Purgatório - Canto XI

Dante Alighieri


"As almas dos orgulhosos cantam o Pai Nosso, como parte da penitência que visa purificá-las através do exercício da humildade."

    "Ó Padre nosso que nos Céus estás,
    não circunscrito, mas em todo o amor,
    que aos primos entes do teu feito dás,


    louvado seja o teu Nome e Valor
    por toda criatura, à qual apraz
    render graças também ao teu Vapor.


    Bem venha do Teu reino a nós a paz,
    porque de procurá-la, se dos Céus
    não vier mais, nosso engenho é incapaz.


    Como, de seu querer, os anjos teus
    fazem, cantando a ti, renúncia pia,
    o mesmo façam os homens dos seus.


    Dá-nos hoje o maná de cada dia,
    que, se faltar neste deserto infido,
    vi pra trás quem pra frente mais porfia.

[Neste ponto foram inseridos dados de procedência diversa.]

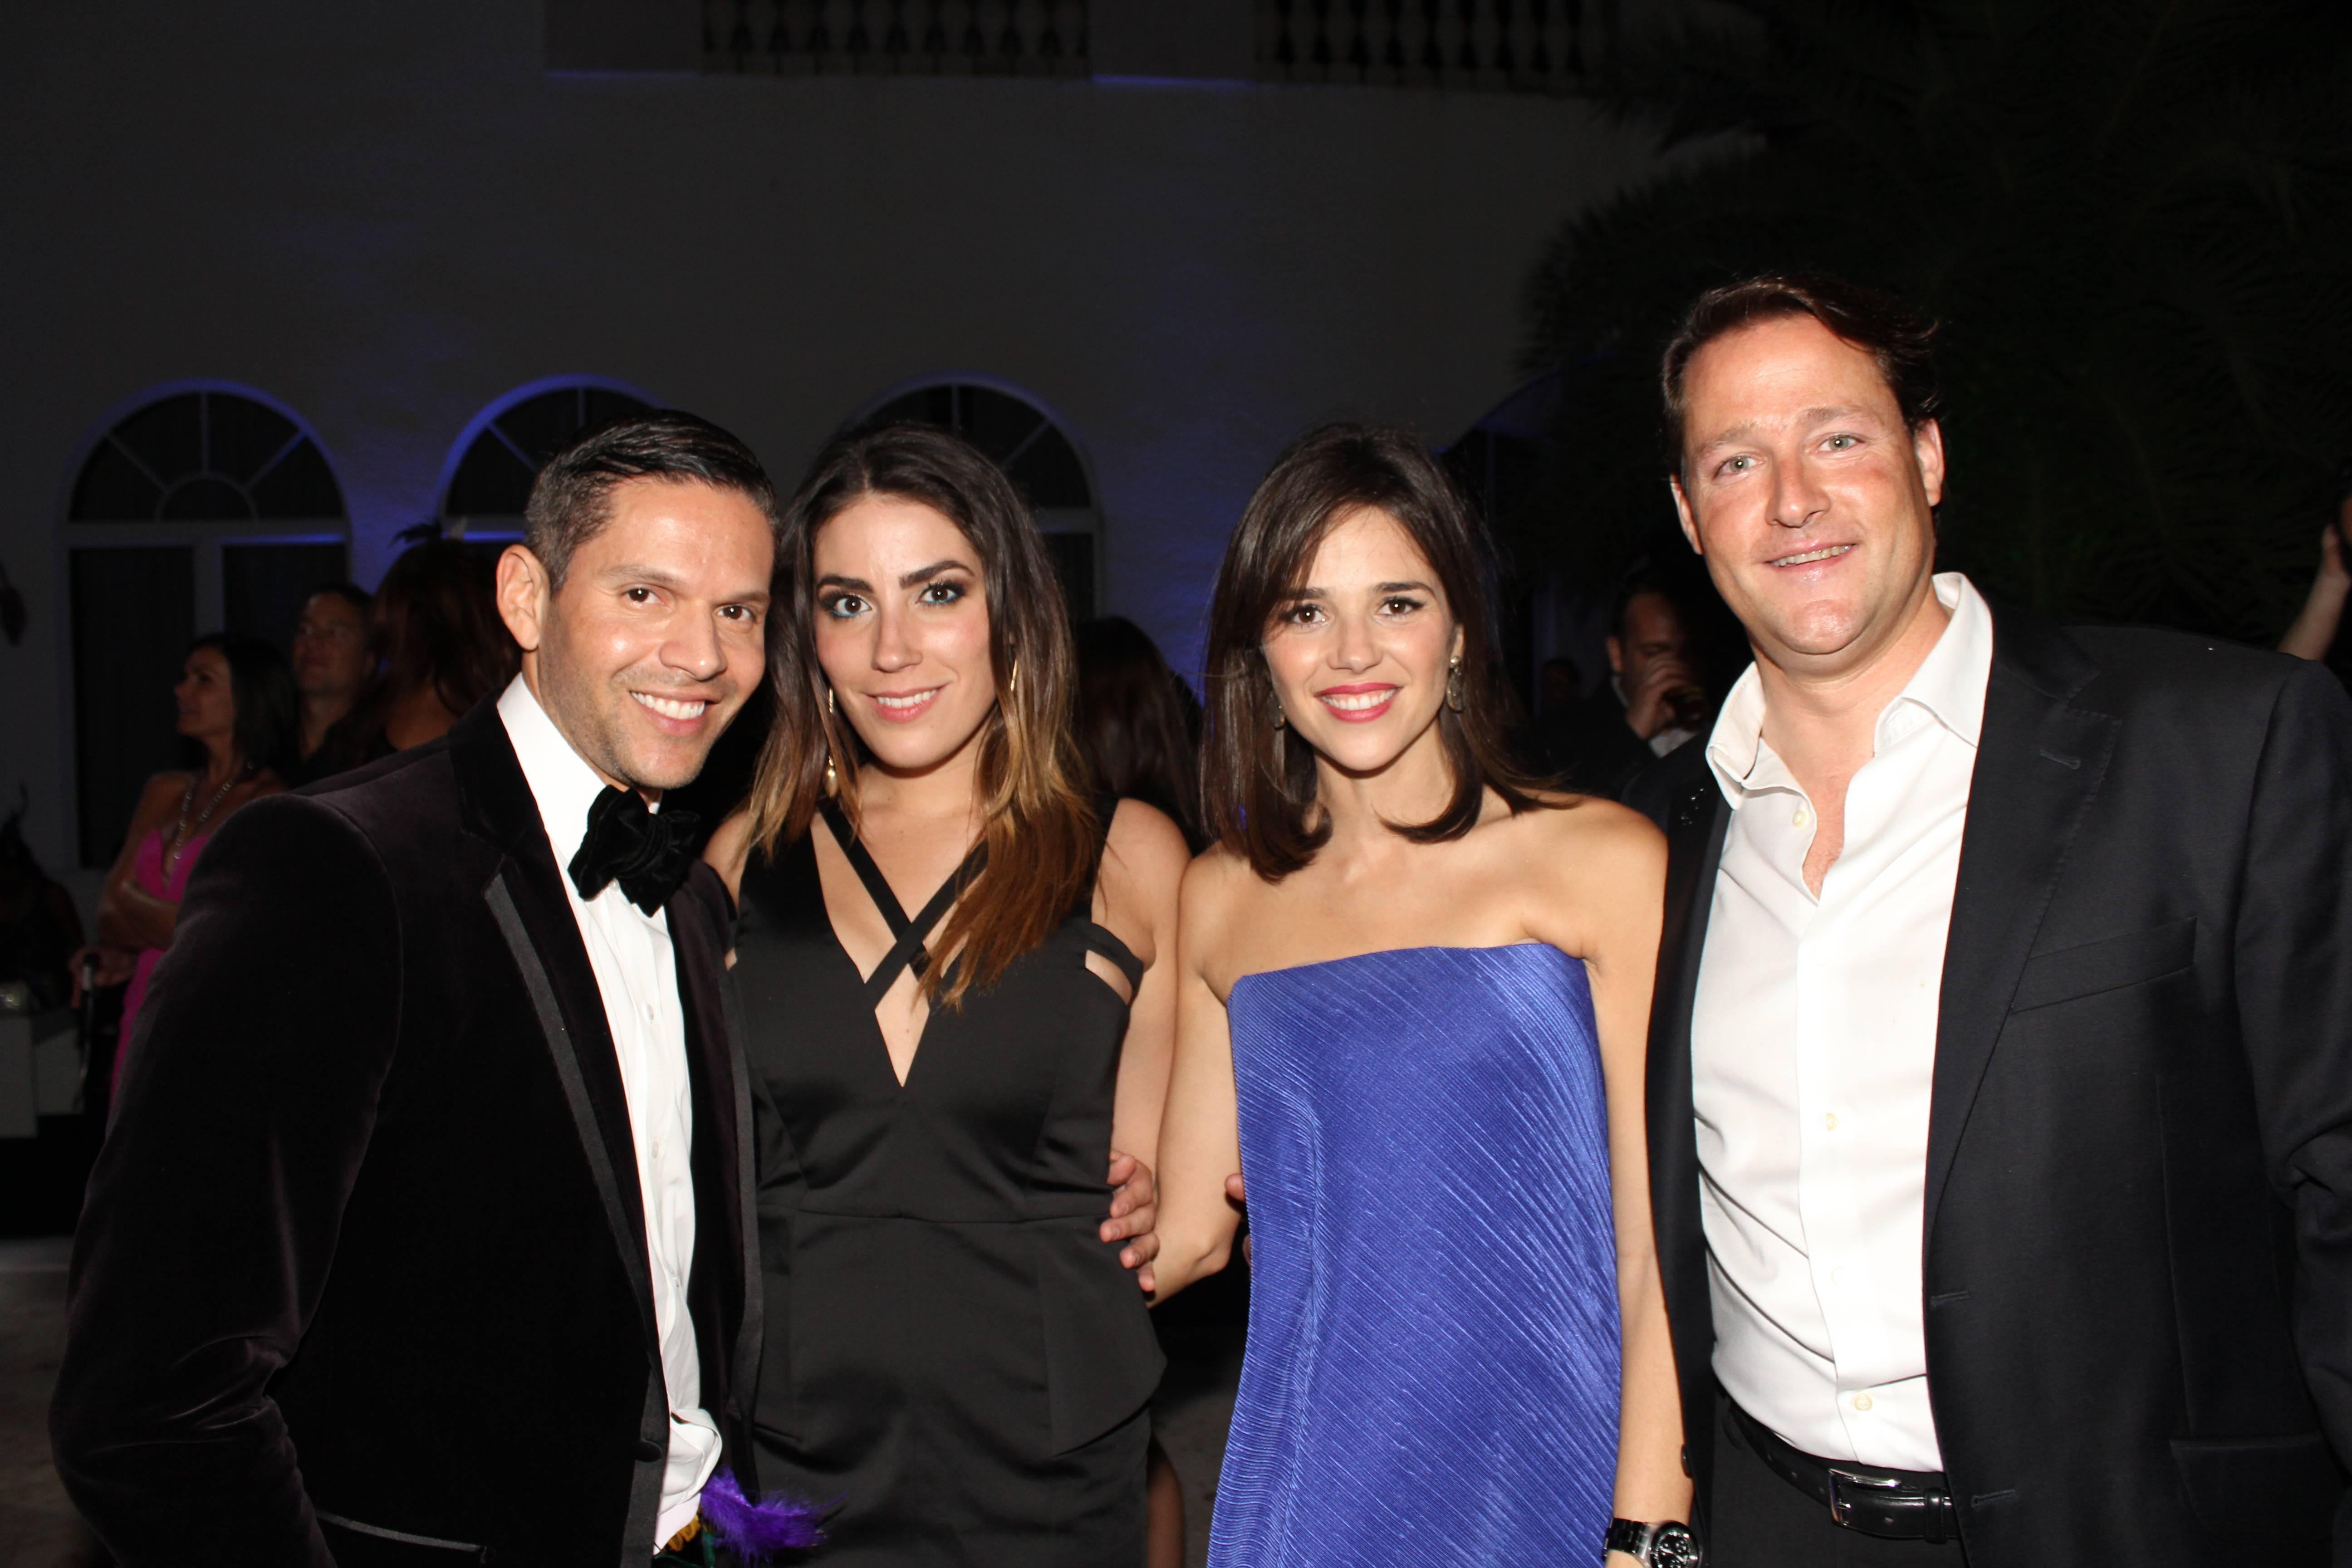 Rodner Figueroa, Luly Valls, Ana and Sean Wolfington

    E como nós o mal que hemos sofrido
    a cada um perdoamos, tu perdoa
    benigno, sem cuidar se é merecido.


    Nossa virtude que preste esboroa
    não experimentes co' o antigo adversário
    mas dele nos liberta, que a aguilhoa.


    Este rogo, Senhor, que último eu digo,
    por supérfluo, não é pra o nosso bando,
    mas pra os que ainda não têm o seu castigo".

De sua principal obra, "A Divina Comédia" ("Purgatório"), Editora 34 Ltda. - São Paulo, pág. 73, tradução de Italo Eugenio Mauro, extraímos o texto acima.